Militão made his last appearance for the club on 5 August 2018 when the Tricolor defeated Vasco 2–1 to reach first place in the year's national tournament.

Porto

On 7 August 2018, Militão signed a five-year contract with Portuguese defending champions Porto. He made his Primeira Liga debut on 2 September, starting in a 3–0 home win over Moreirense and assisting Porto's first goal, scored by captain Héctor Herrera. Over succeeding fixtures, Militão quickly cemented himself in the starting 11 as a centre-back, forming a defensive partnership with teammate Felipe.

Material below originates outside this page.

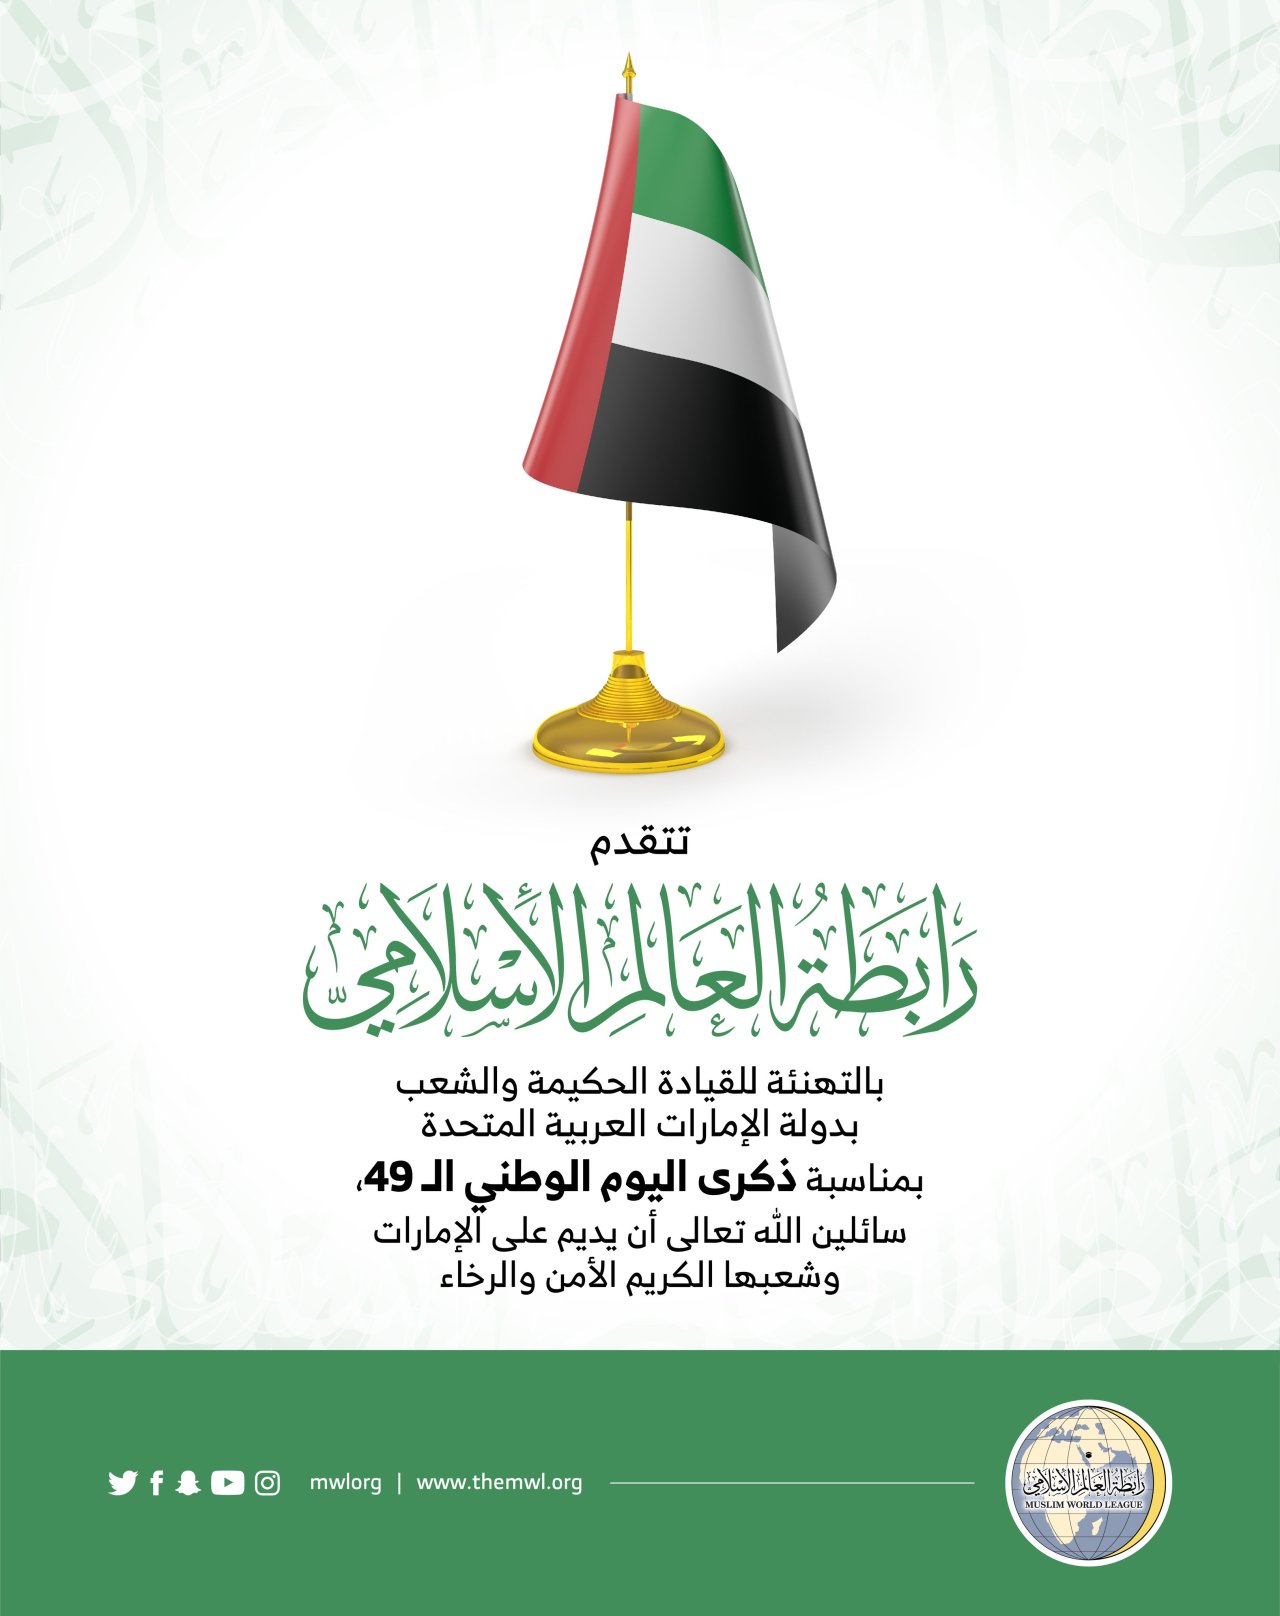 تهنئة رابطة العالم الإسلامي‬⁩ لدولة الإمارات العربية المتحدة‬⁩، بذكرى  اليوم الوطني الإماراتي49‬⁩

On 28 November, Militão scored his first goal for the club in a 3–1 home victory against Schalke 04 for the 2018–19 UEFA Champions League group stage, heading the ball after a cross from Óliver. On 3 January 2019, Militão scored his first league goal, the match's only at Desportivo das Aves. He was named Primeira Liga's defender of the month on four consecutive occasions from September 2018 to January 2019.

Real Madrid
On 14 March 2019, Real Madrid announced that they had signed Militão to a six-year contract effective 1 July 2019 after paying a €50 million transfer fee to Porto. He made his debut on 14 September, coming on as a substitute for Sergio Ramos for the last half-hour in a 3–2 home victory over Levante. He made 15 appearances during the league season as Real Madrid won the 2019–20 La Liga.

Militão scored his debut goal for Madrid on 20 January 2021, heading in Marcelo's cross to open a Copa del Rey last 32 match away to third-tier Alcoyano; his team unexpectedly lost, 2–1. His debut league goal came on 1 May in a 2–0 win over Osasuna.

In 2021–22, Militão finally became a regular after the exits of veterans Sergio Ramos and Raphaël Varane from the Madrid defence. He partnered Austrian import David Alaba, under the management of Carlo Ancelotti. He scored once in their league-winning campaign, securing a 2–2 home draw with Elche on 23 January. Days earlier, the team won the Supercopa de España with a 2–0 final win over Athletic Bilbao in Saudi Arabia, though he was sent off for giving away a penalty through handball. He made 12 appearances in their victorious Champions League campaign, including the 1–0 final win over Liverpool at the Stade de France.

International career

In September 2018, Militão was called-up by coach Tite for Brazil's friendlies in the United States against the hosts and El Salvador after Fagner withdrew with injury. He made his debut on 11 September against the Salvadoreans at FedExField, playing the full 90 minutes of a 5–0 win.

In May 2019, Militão was included in Brazil's 23-man squad for the 2019 Copa América. In the final against Peru on 7 July, held at the Maracanã Stadium, he made a substitute appearance, coming on for Philippe Coutinho in the second half as his team won, 3–1.

Militão was named for the 2021 Copa América, again on home soil. He started three group games, and in the last one against Ecuador in Goiânia on 27 June, he scored his first international goal to open a 1–1 draw. In the knockout rounds, as Brazil made the final, his spot next to Marquinhos was taken by Thiago Silva.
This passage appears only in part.